Recommendation 1.15.1

Why the committee made the recommendation

The studies featured differing ways of attempting to improve asthma care for people judged to be at high risk of adverse outcomes. Therefore, firm conclusions on the overall benefits were hard to reach. In addition, the factors used to identify the high-risk population were not identical across the different studies. The committee therefore were unable to define precisely how to identify people at risk, although they agreed that poor prescription pick-up rates, overuse of SABA inhalers and previous exacerbations needing unscheduled medical care are very likely to be relevant.
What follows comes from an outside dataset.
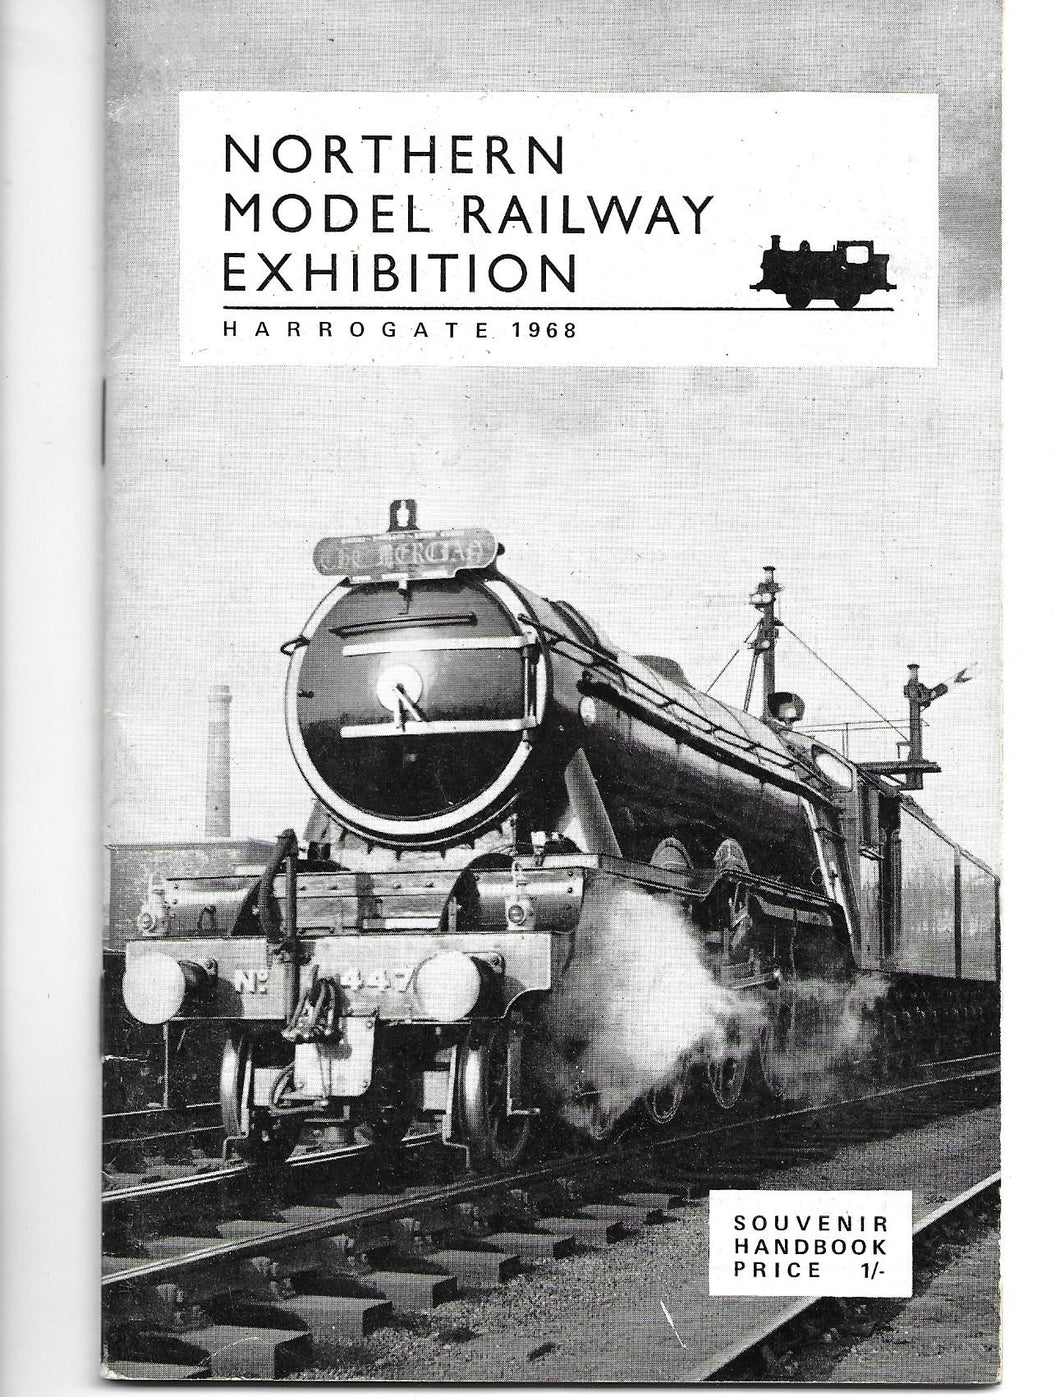 Northern Model Railway Exhibition, Harrogate 1968, Souvenir Handbook

Most of the studies showed some reduction in A&E attendance or hospitalisation after risk stratification. The committee particularly noted 2 UK studies in which at-risk patients were identified by alerts on GP computer systems. These indicated that risk-stratified care helped healthcare professionals to better identify people who needed a course of oral corticosteroids. This then successfully reduced the number of hospitalisations and the need for out-of-hours contacts and A&E attendance for asthma exacerbations. An associated health economic review showed that risk stratification is likely to be cost-effective.

Based on this evidence and their clinical experience, the committee agreed there should be a benefit in identifying people 'at risk' of poor asthma outcomes and recommended that primary care services should consider introducing a risk-stratification system which then allows care to be adjusted according to the greater needs of some people.

How the recommendation might affect practice

Many general practices have some form of alert system in operation already, but others do not. For those, the recommendation will result in a change in practice. The committee were uncertain how many different systems are in current use, but in the absence of comparative data, they could not recommend that some practices would need to change from their current system.